Daily Archives: August 1, 2024

Nostalgia warning: It’s MTV’s birthday!

Like a bunch of other people, I’m gonna mark the anniversary of MTV’s debut on this date, Aug. 1 1981, with a little bit of nostalgia.

It’s okay, I’ll be brief and get this over with as painlessly as possible.

One thing I won’t do here is bemoan the lack of music on modern-day MTV. I haven’t watched the cable channel in years. I do watch the MTV Classic channel sometimes, mostly for the 1980s videos.

I just wanted to say that, if you’re not old enough to remember, MTV was a cultural touchstone for most of us around a certain age in 1981. I was a child in the 1960s and grew to adulthood in the 1970s, but the 1980s was probably the most important decade of my life up to that point.

I was reviewing movies and a bunch of entertainment for my local newspaper from 1978 to 1990, so I feel tremendous nostalgia for the 1980s. I started full-time at the paper in the 1980s. At the very end of the 1980s – okay, early 1990 – I met my wife. In 1989, I started covering politics and government and sometimes crime, the turning point in my newspaper career.

It sounds cheesy to say it, but MTV and the music of the 1980s was the heartbeat of my life at the time. I didn’t discover it as a teenager, like most people, because it didn’t exist until I was in college. But it shaped a lot of my tastes and entertainment sensibilities.

My friends and I watched MTV and its competitors and cohorts – Friday Night Videos, music videos all night weekends on TBS – religiously. We hauled ass to get to a screen to watch Michael Jackson’s “Thriller” video debut on MTV on December 2, 1983.

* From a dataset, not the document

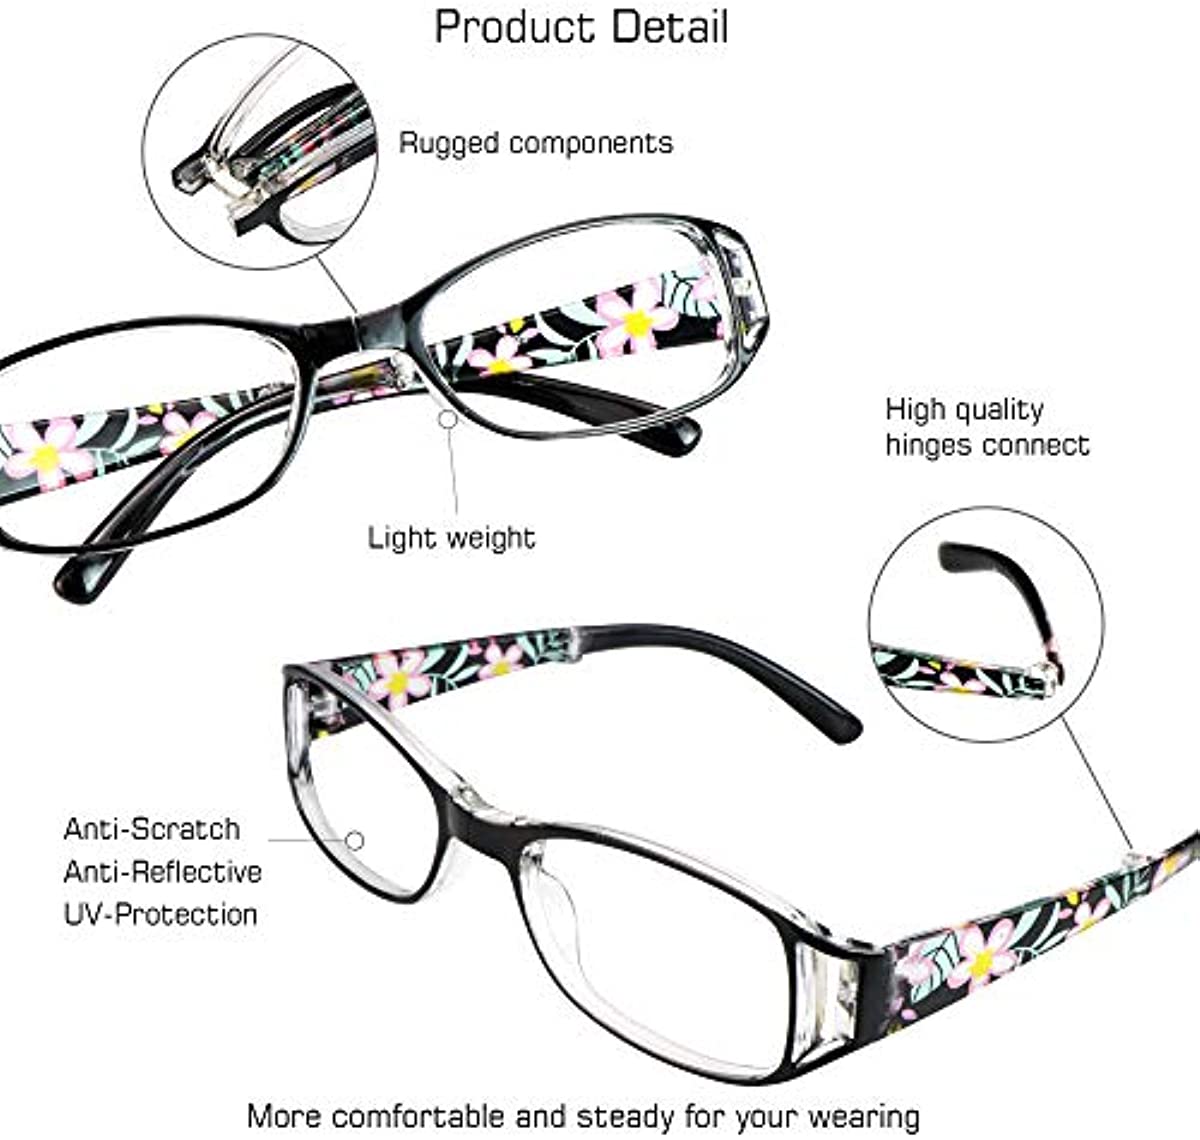 3 Pair Reading Glasses Foldable Readers with Blue Light Blocking lens Compact Folding Glasses for Women Reading Case Included (Black, +2.50 Magnification)

We were glued to our TVs on Halloween 1984 to watch Elvira, Mistress of the Dark, guest-host on MTV, playing odd and weird videos. I refer to that night in one of my novels.

MTV was notoriously slow to play Black artists. It quickly became a delivery system for advertising. Some of the most pretentious music videos of the era are hard to watch now.

But MTV was a huge cultural force not long after August 1, 1981.

In many, many ways, that was a vastly simpler time. But many things are better now. Nostalgia can be toxic, especially when people pine for “the good old days” that were decidedly not good for so many people.

But nostalgia is okay once in a while. We can enjoy looking back and remember to look ahead, too.